Re: How does the "batch" commit log sync works

2016-10-27 Thread Edward Capriolo
I mentioned during my Cassandra.yaml presentation at the summit that I
never saw anyone use these settings. Things off by default are typically
not highly not covered well by tests. It sounds like it is not working.
Quick suggestion: go back in time maybe to a version like 1.2.X or 0.7 and
see if it behaves like the yaml suggests it should.

On Thu, Oct 27, 2016 at 11:48 PM, Hiroyuki Yamada 
wrote:

> Hello Satoshi and the community,
>
> I am also using commitlog_sync for durability, but I have never
> modified commitlog_sync_batch_window_in_ms parameter yet,
> so I wondered if it is working or not.
>
> As Satoshi said, I also changed commitlog_sync_batch_window_in_ms (to
> 1) and restarted C* and
> issued some INSERT command.
> But, it actually returned immediately right after issuing.
>
> So, it seems like the parameter is not working correctly.
> Are we missing something ?
>
> Thanks,
> Hiro
>
> On Thu, Oct 27, 2016 at 5:58 PM, Satoshi Hikida 
> wrote:
> > Hi, all.
> >
> > I have a question about "batch" commit log sync behavior with C* version
> > 2.2.8.
> >
> > Here's what I have done:
> >
> > * set commitlog_sync to the "batch" mode as follows:
> >
> >> commitlog_sync: batch
> >> commitlog_sync_batch_window_in_ms: 1
> >
> > * ran a script which inserts the data to a table
> > * prepared a disk dedicated to store the commit logs
> >
> > According to the DataStax document, I expected that fsync is done once
> in a
> > batch window (one fsync per 10sec in this case) and writes issued within
> > this batch window are blocked until fsync is completed.
> >
> > In my experiment, however, it seems that the write requests returned
> almost
> > immediately (within 300~400 ms).
> >
> > Am I misunderstanding something?

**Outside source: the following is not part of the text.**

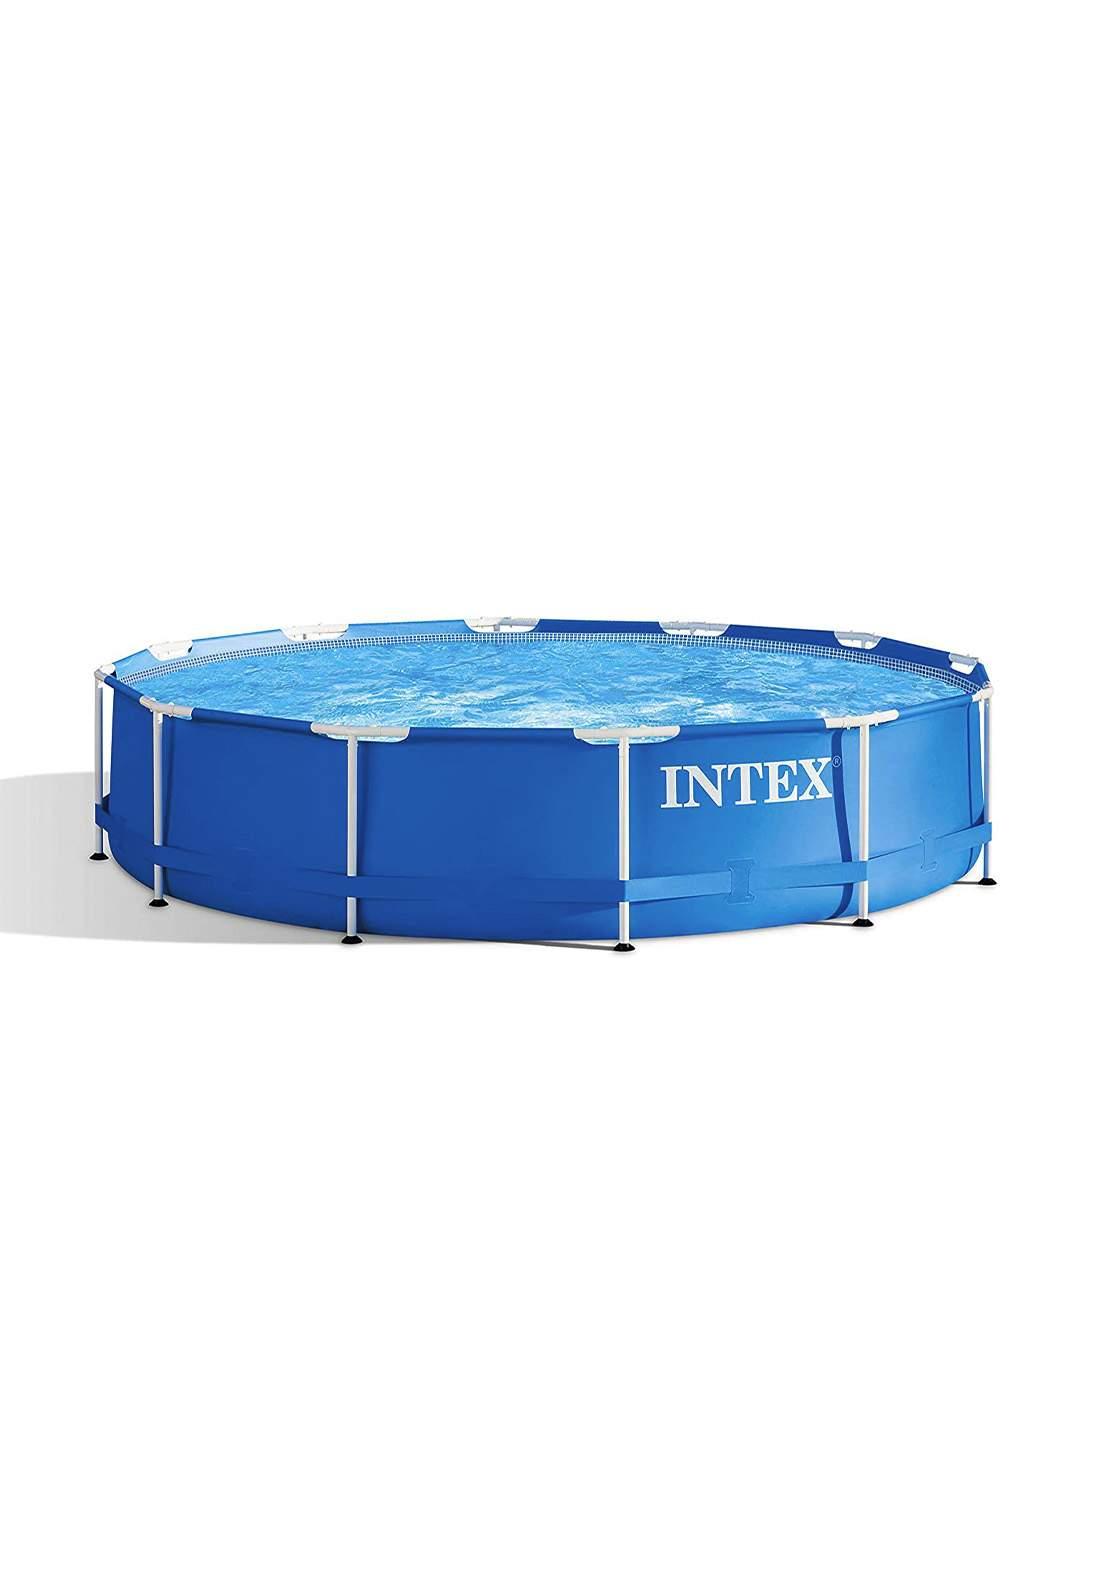 Intex 2821  Swimming Pool For Unisex مسبح

If so, can someone give me any advices
> as
> > to the reason why C* behaves like this?
> >
> >
> > I referred to this document:
> > https://docs.datastax.com/en/cassandra/2.2/cassandra/
> configuration/configCassandra_yaml.html#configCassandra_
> yaml__PerformanceTuningProps
> >
> > Regards,
> > Satoshi
> >
>


Re: How does the "batch" commit log sync works

2016-10-27 Thread Hiroyuki Yamada
Hello Satoshi and the community,

I am also using commitlog_sync for durability, but I have never
modified commitlog_sync_batch_window_in_ms parameter yet,
so I wondered if it is working or not.

As Satoshi said, I also changed commitlog_sync_batch_window_in_ms (to
1) and restarted C* and
issued some INSERT command.
But, it actually returned immediately right after issuing.

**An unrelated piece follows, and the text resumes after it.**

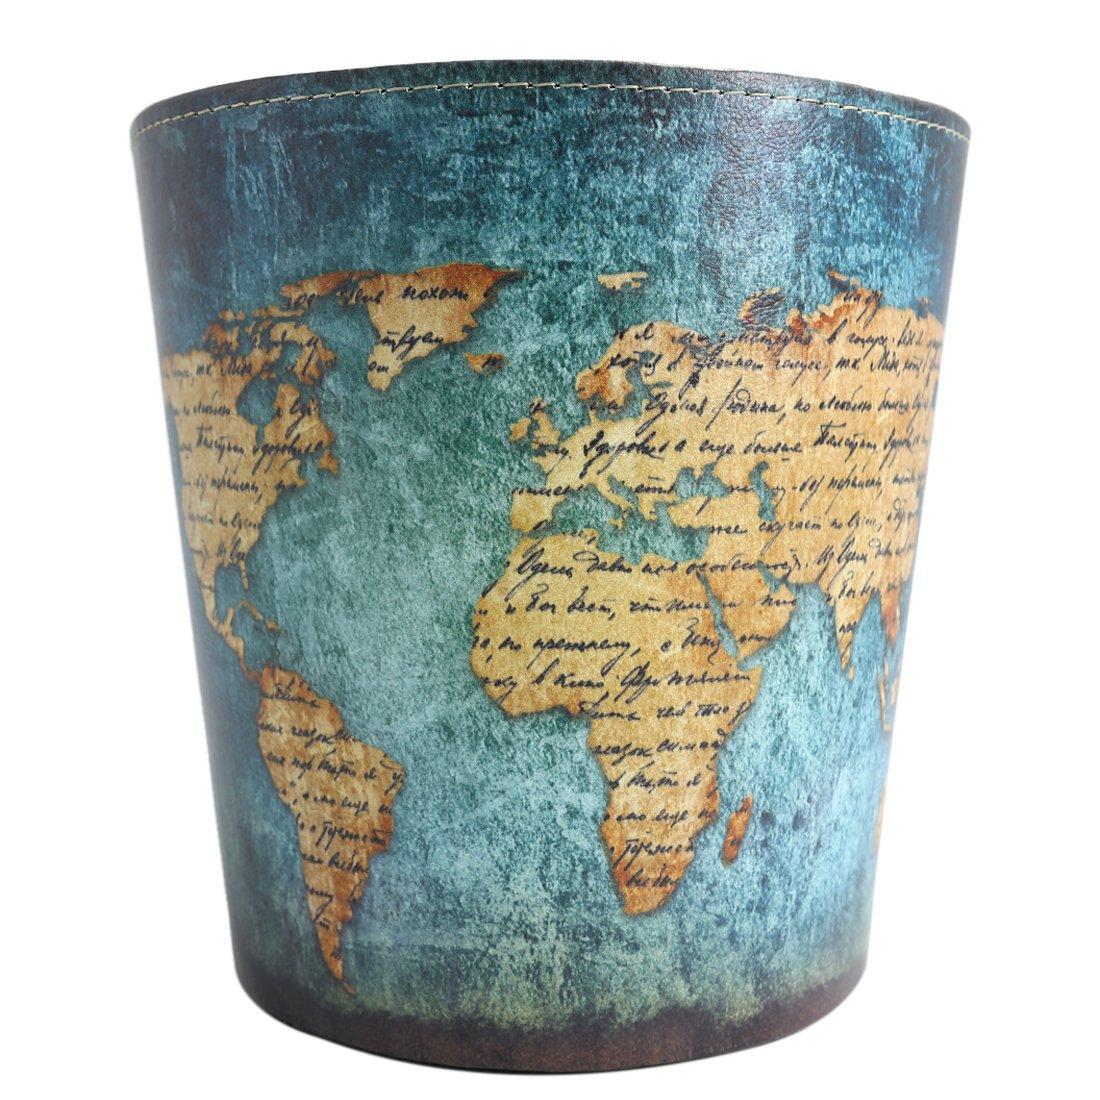 Wastebasket Trash Can for Bedroom Bathroom Kitchen Office Recycling Garbage Bin - World Map Pattern

So, it seems like the parameter is not working correctly.
Are we missing something ?

Thanks,
Hiro

On Thu, Oct 27, 2016 at 5:58 PM, Satoshi Hikida  wrote:
> Hi, all.
>
> I have a question about "batch" commit log sync behavior with C* version
> 2.2.8.
>
> Here's what I have done:
>
> * set commitlog_sync to the "batch" mode as follows:
>
>> commitlog_sync: batch
>> commitlog_sync_batch_window_in_ms: 1
>
> * ran a script which inserts the data to a table
> * prepared a disk dedicated to store the commit logs
>
> According to the DataStax document, I expected that fsync is done once in a
> batch window (one fsync per 10sec in this case) and writes issued within
> this batch window are blocked until fsync is completed.
>
> In my experiment, however, it seems that the write requests returned almost
> immediately (within 300~400 ms).
>
> Am I misunderstanding something? If so, can someone give me any advices as
> to the reason why C* behaves like this?
>
>
> I referred to this document:
> https://docs.datastax.com/en/cassandra/2.2/cassandra/configuration/configCassandra_yaml.html#configCassandra_yaml__PerformanceTuningProps
>
> Regards,
> Satoshi
>


How does the "batch" commit log sync works

2016-10-27 Thread Satoshi Hikida
Hi, all.

I have a question about "batch" commit log sync behavior with C* version
2.2.8.

Here's what I have done:

* set commitlog_sync to the "batch" mode as follows:

> commitlog_sync: batch
> commitlog_sync_batch_window_in_ms: 1

* ran a script which inserts the data to a table
* prepared a disk dedicated to store the commit logs

According to the DataStax document, I expected that fsync is done once in a
batch window (one fsync per 10sec in this case) and writes issued within
this batch window are blocked until fsync is completed.

In my experiment, however, it seems that the write requests returned almost
immediately (within 300~400 ms).

Am I misunderstanding something? If so, can someone give me any advices as
to the reason why C* behaves like this?


I referred to this document:
https://docs.datastax.com/en/cassandra/2.2/cassandra/configuration/configCassandra_yaml.html#configCassandra_yaml__PerformanceTuningProps

Regards,
Satoshi